* Assignment: Starting at the line that contains "Nike One Classic", write out each line through the end of the data below, exactly as it stands. Skip any pictures.

* Given material:
----
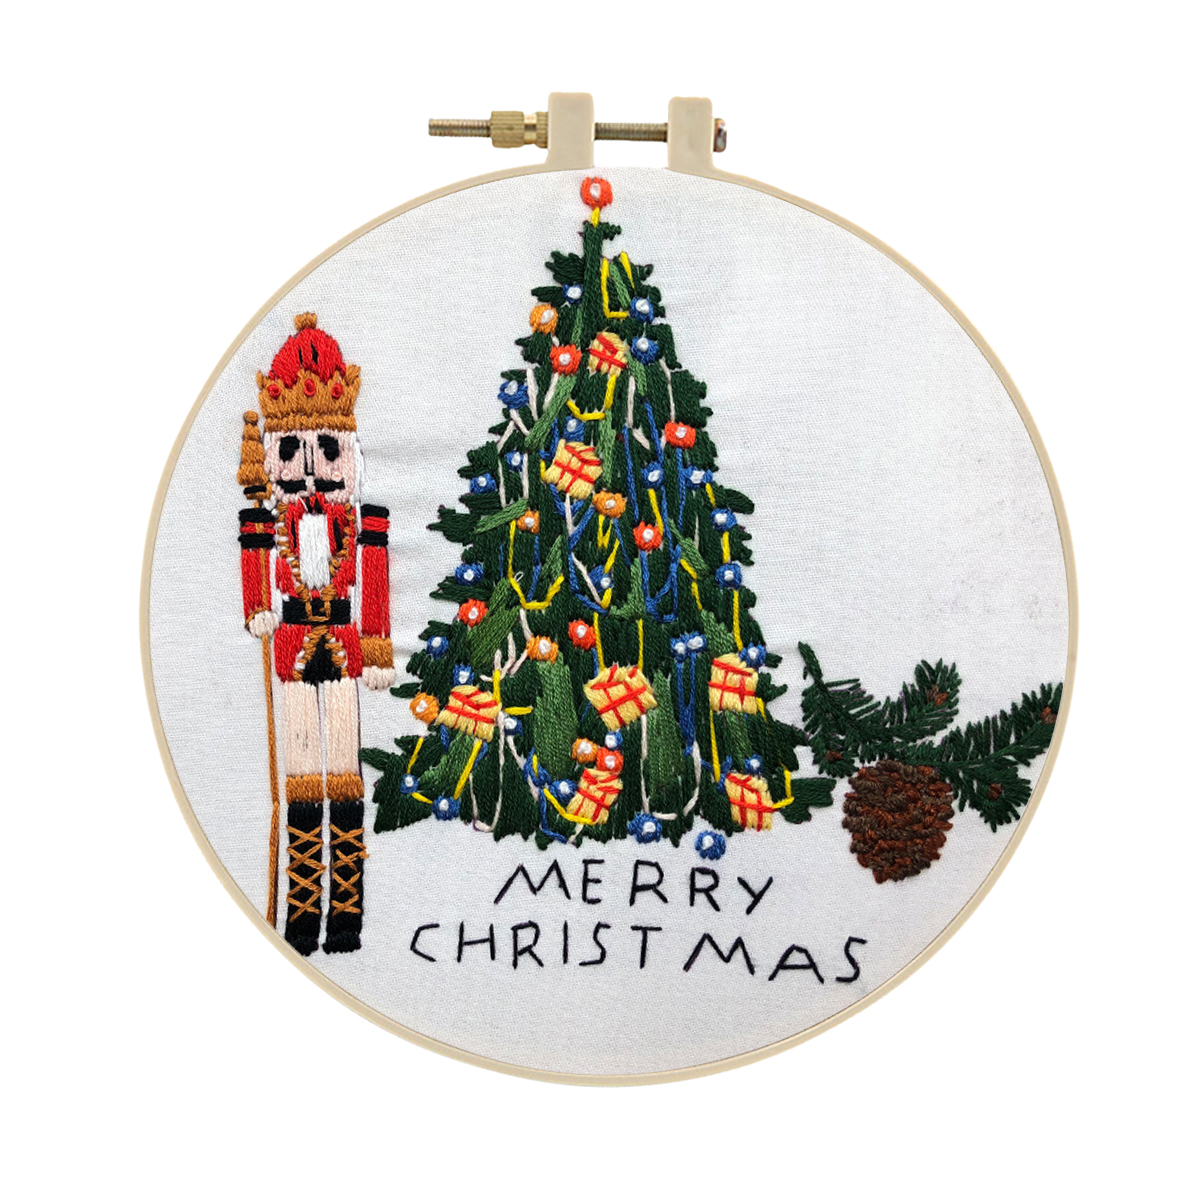 DIY Handmade Christmas Embroidery Kit Craft Cross Stitch Kits Beginner - Christmas Trees Pattern
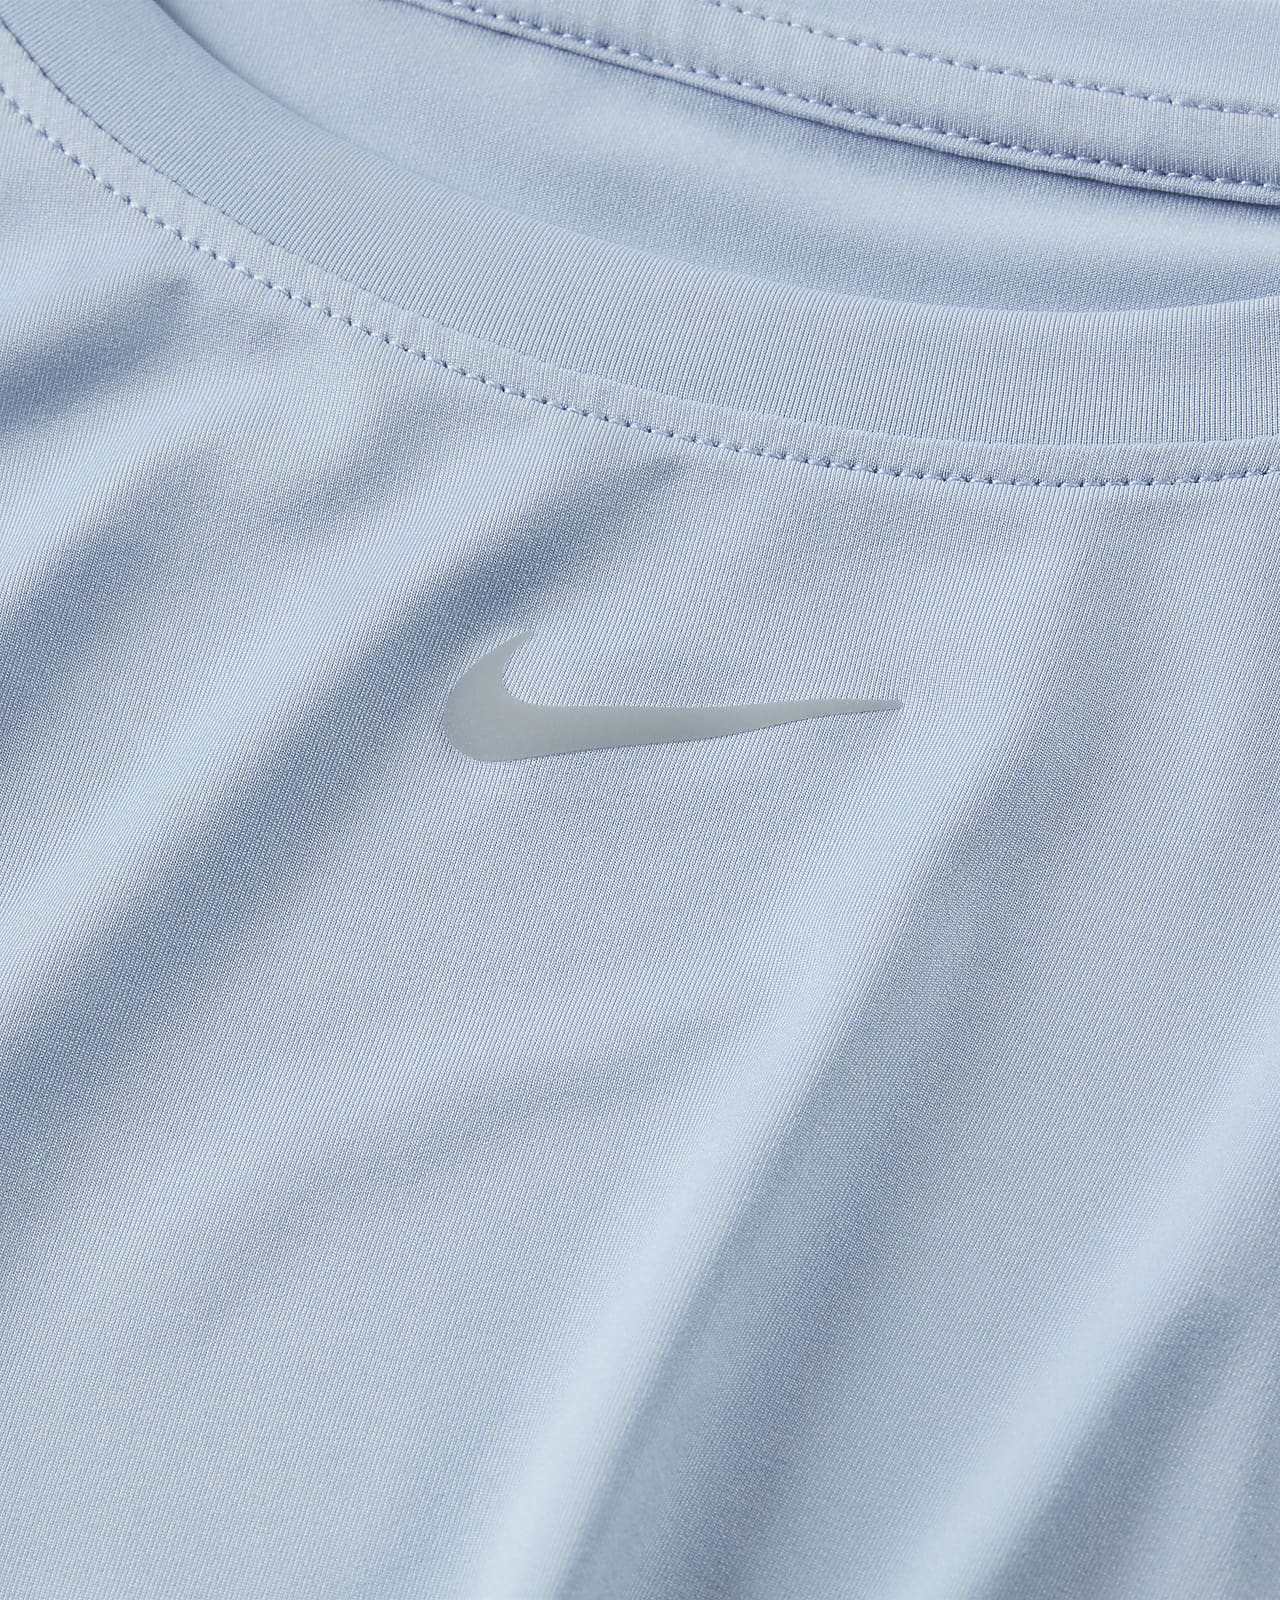 Nike One Classic Women\'s Top. Dri-FIT Short-Sleeve
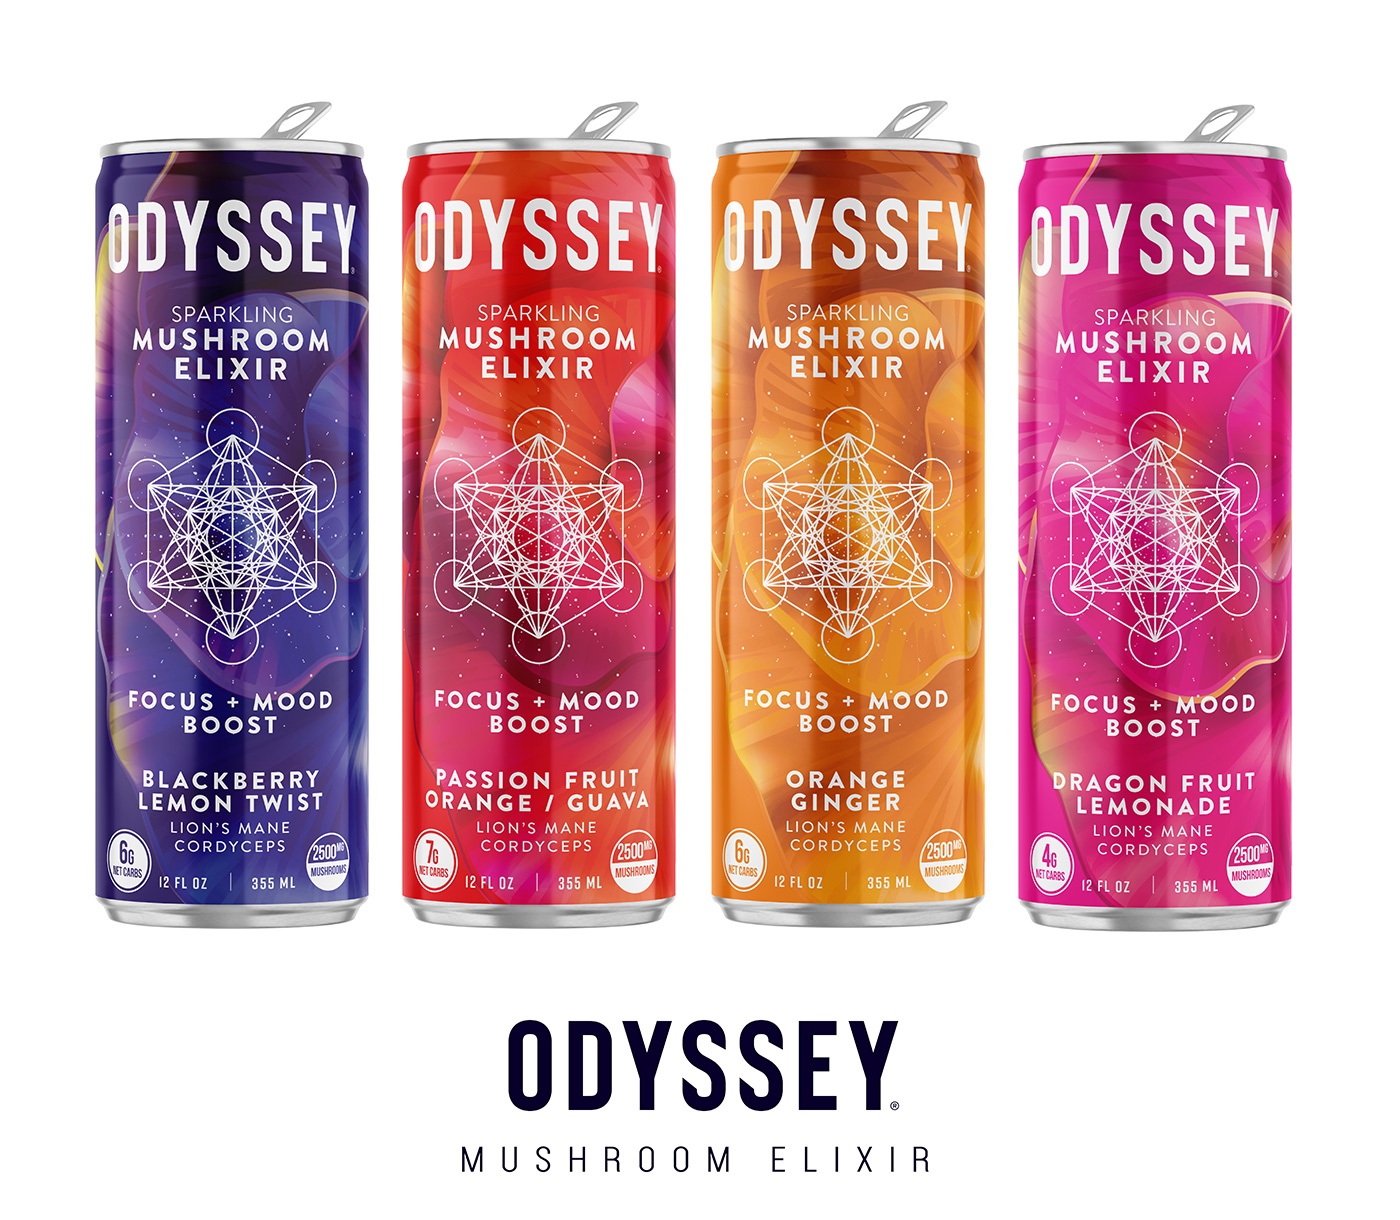 odyssey mushroom elixir lineup
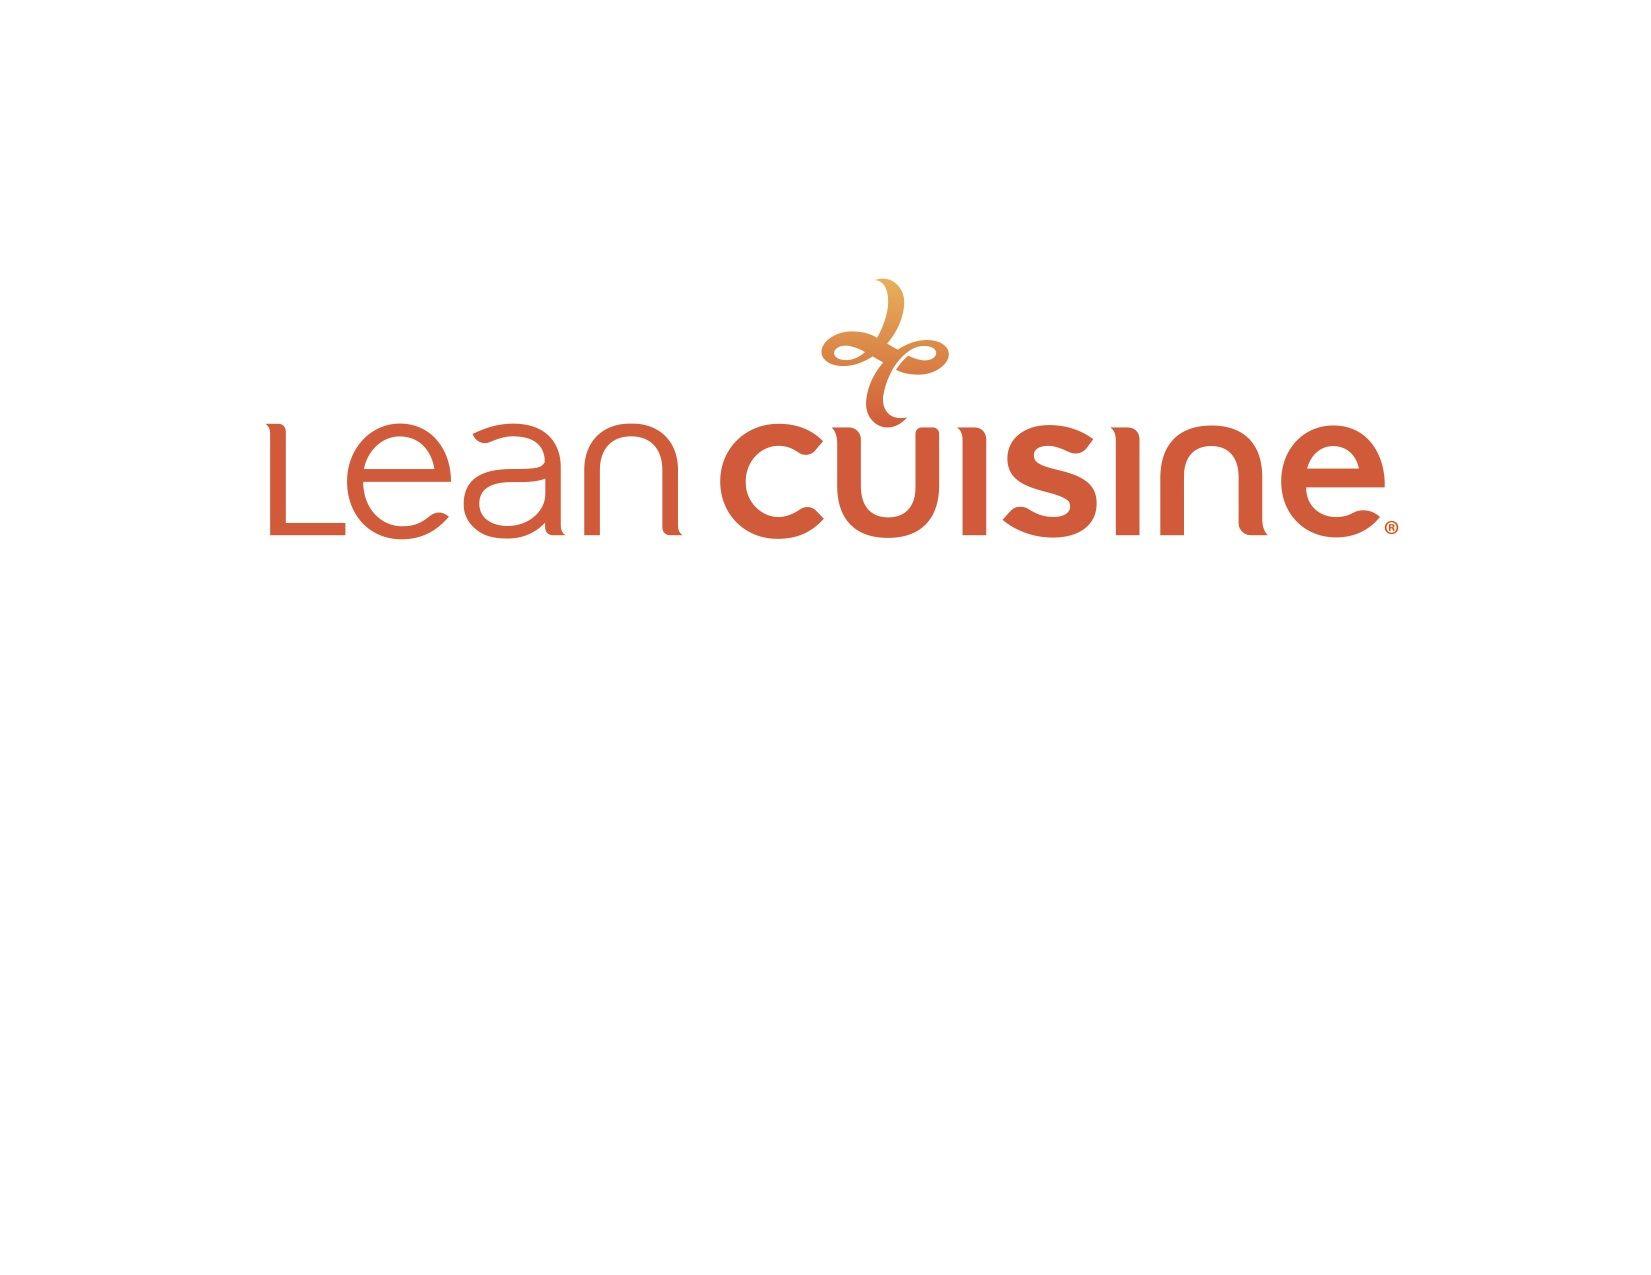 Cuisine Logo - Lean Cuisine logo - Girls Leadership
----
* Response:
 Nike One Classic Women\'s Top. Dri-FIT Short-Sleeve
 odyssey mushroom elixir lineup
 Cuisine Logo - Lean Cuisine logo - Girls Leadership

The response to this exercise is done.